You can use apiflask.fields.File to create a file field in the input schema and use the files location for app.input:

import os

from werkzeug.utils import secure_filename
from apiflask.fields import File


class Image(Schema):
    image = File()


@app.post('/images')
@app.input(Image, location='files')
def upload_image(files_data):
    f = files_data['image']

    filename = secure_filename(f.filename)
    f.save(os.path.join(the_path_to_uploads, filename))

    return {'message': f'file {filename} saved.'}

Tip

Here we use secure_filename to clean the filename, notice it will only keep ASCII characters. You may want to create a random filename for the newly uploaded file, this SO answer may be helpful.

The file object is an instance of werkzeug.datastructures.FileStorage, see more details in Werkzeug's docs.

Use form_and_files location if you want to put both files and other normal fields in one schema:

import os

from werkzeug.utils import secure_filename
from apiflask.fields import String, File


class ProfileIn(Schema):
    name = String()
    avatar = File()

@app.post('/profiles')
@app.input(ProfileIn, location='form_and_files')
def create_profile(form_and_files_data):
    avatar_file = form_and_files_data['avatar']
    name = form_and_files_data['name']

    avatar_filename = secure_filename(avatar_file.filename)
    avatar_file.save(os.path.join(the_path_to_uploads, avatar_filename))

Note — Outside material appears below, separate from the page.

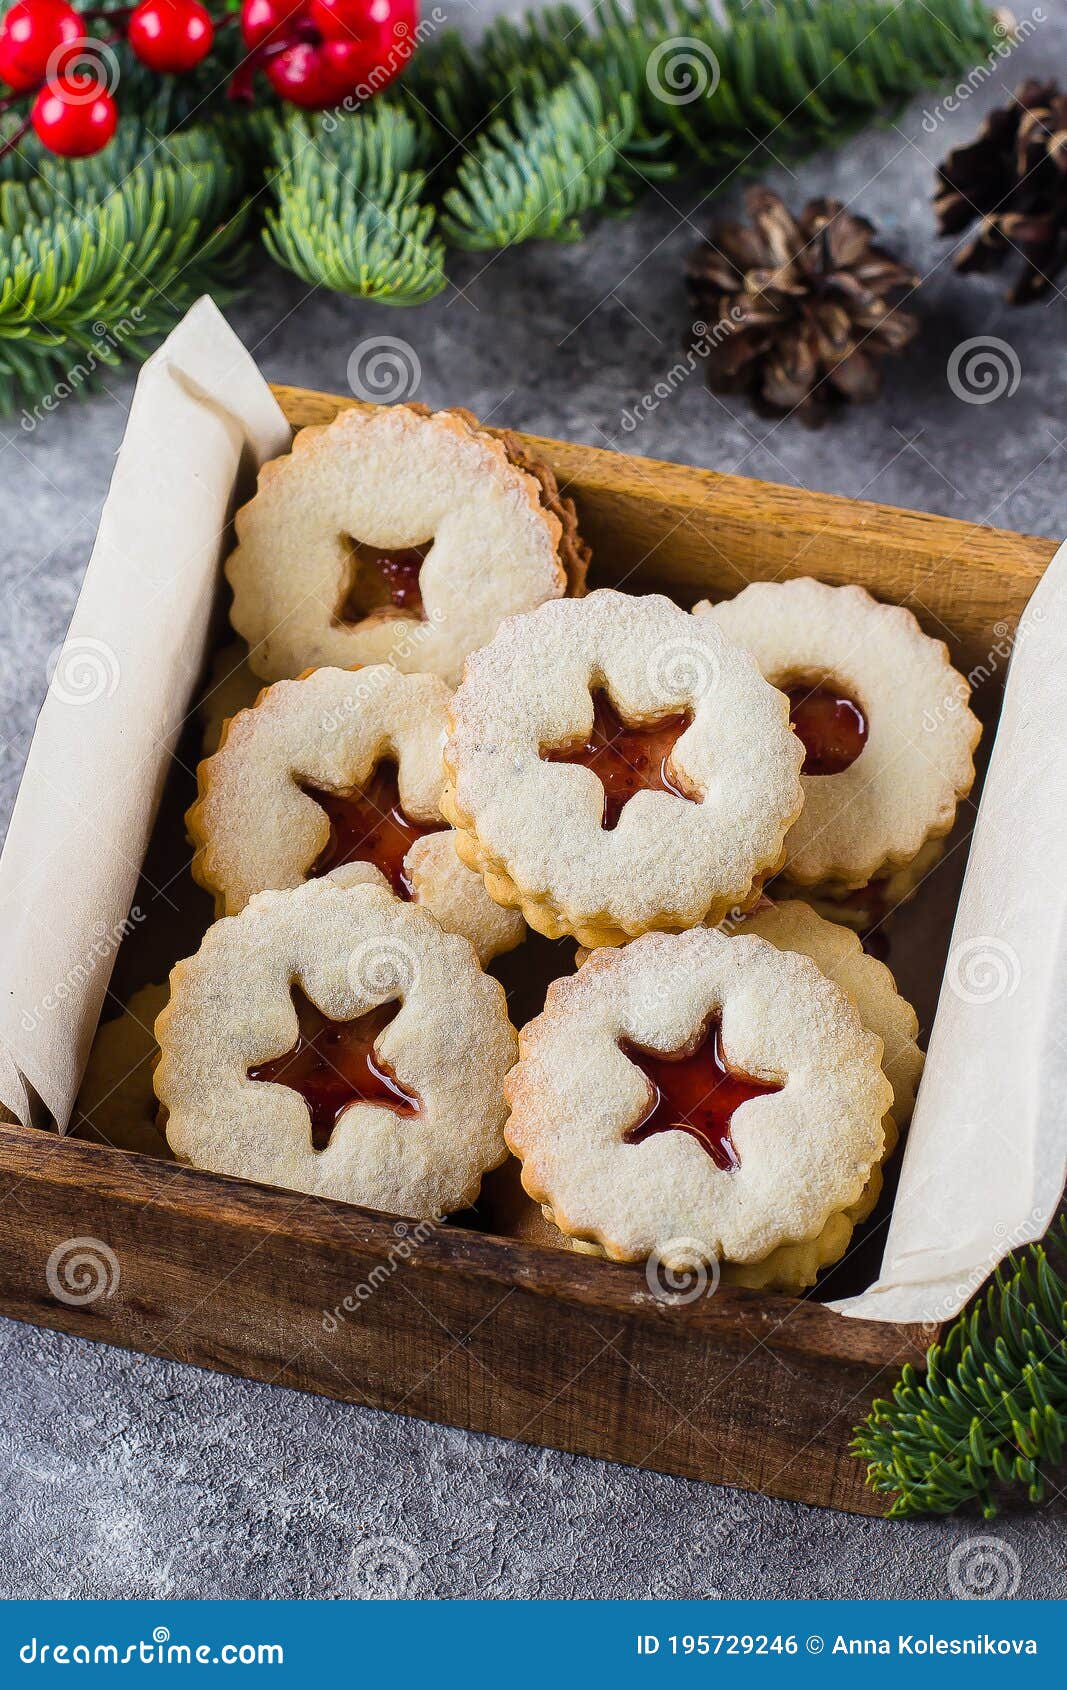 1 465 Austrian Cookies Photos Free Royalty Free Stock Photos From Dreamstime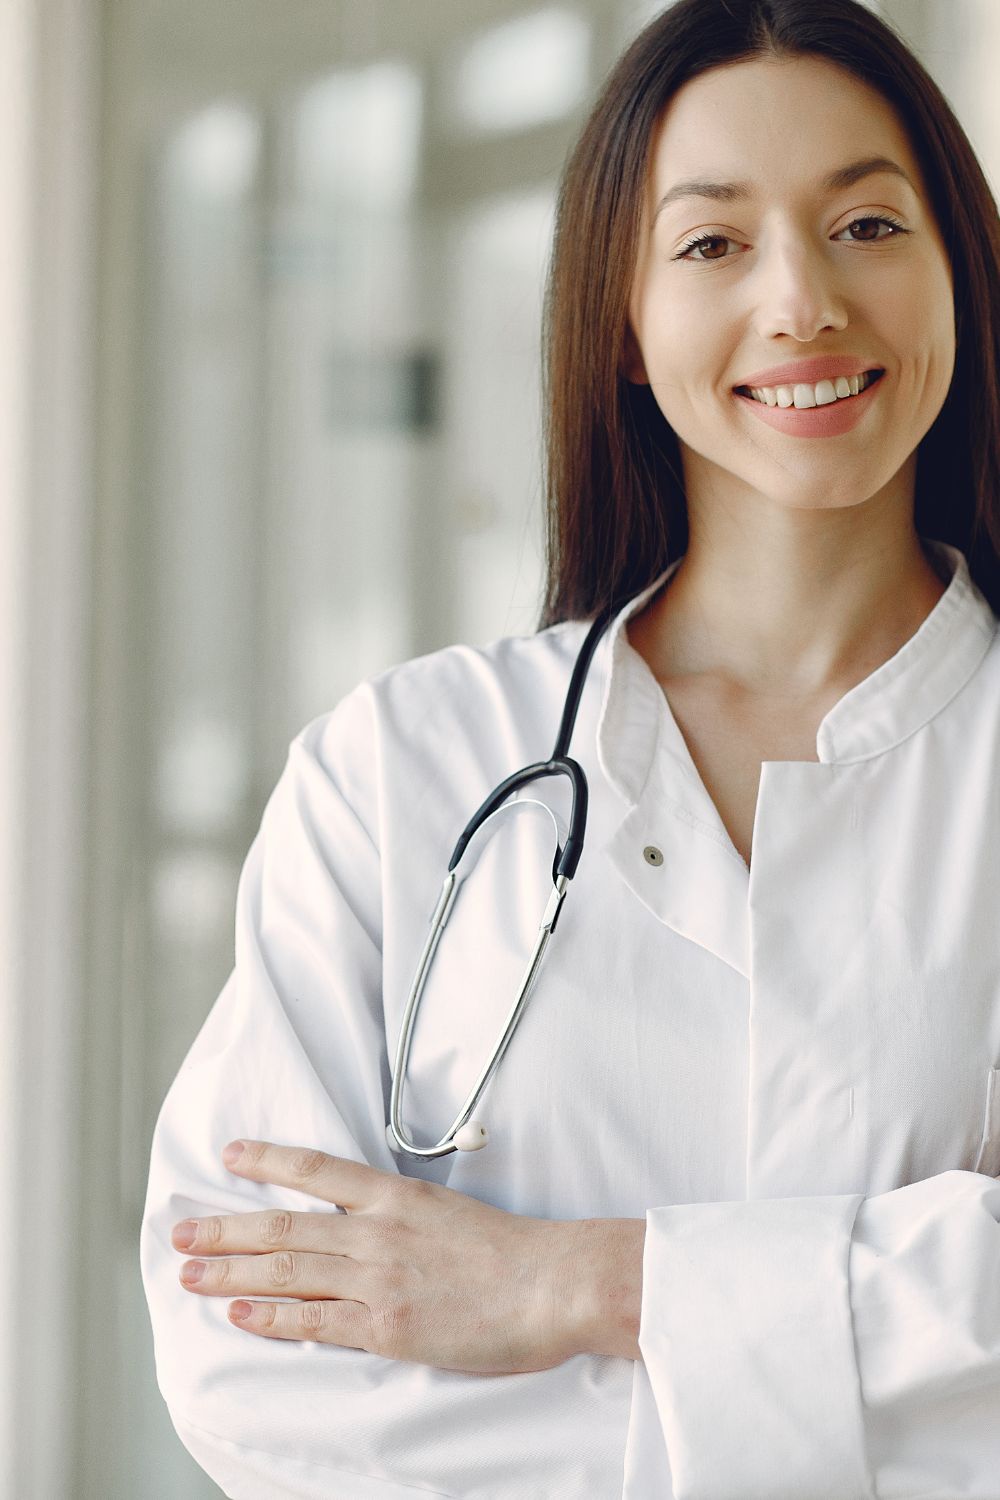 How To Find A Gynecologist 6 Questions To Ask On Your First Visit 

    profile = Profile(name=name, avatar_filename=avatar_filename)
    # ...
    return {'message': 'profile created.'}

In the current implementation, files location data will also include the form data (equals to form_and_files).

Notes

From APIFlask 2.1.0, you can use the FileType and FileSize validators to validate file type and size:

from apiflask.validators import FileType, FileSize

class Image(Schema):
    image = File(validate=[FileType(['.png', '.jpg', '.jpeg', '.gif']), FileSize(max='5 MB')])

With Pydantic:

Version >= 3.1.0

This feature was added in the version 3.1.0.

import os

from werkzeug.utils import secure_filename
from apiflask.fields import UploadFile
from apiflask import APIFlask
from pydantic import BaseModel


class Image(BaseModel):
    image: UploadFile


@app.post('/images')
@app.input(Image, location='files')
def upload_image(files_data: Image):
    f = files_data.image

    filename = secure_filename(f.filename)
    f.save(os.path.join(the_path_to_uploads, filename))

    return {'message': f'file {filename} saved.'}
import os

from werkzeug.utils import secure_filename
from apiflask.fields import UploadFile
from apiflask import APIFlask
from pydantic import BaseModel


class ProfileIn(BaseModel):
    name: str
    avatar: UploadFile


@app.post('/profiles')
@app.input(ProfileIn, location='form_and_files')
def create_profile(form_and_files_data: ProfileIn):
    avatar_file = form_and_files_data.avatar
    name = form_and_files_data.name

    avatar_filename = secure_filename(avatar_file.filename)
    avatar_file.save(os.path.join(the_path_to_uploads, avatar_filename))

    return {'message': f"{name}'s profile created."}

Tip

See the file uploading examples for more details.

Request examples

You can set request examples for OpenAPI spec with the example and examples parameters, see this section in the OpenAPI Generating chapter for more details.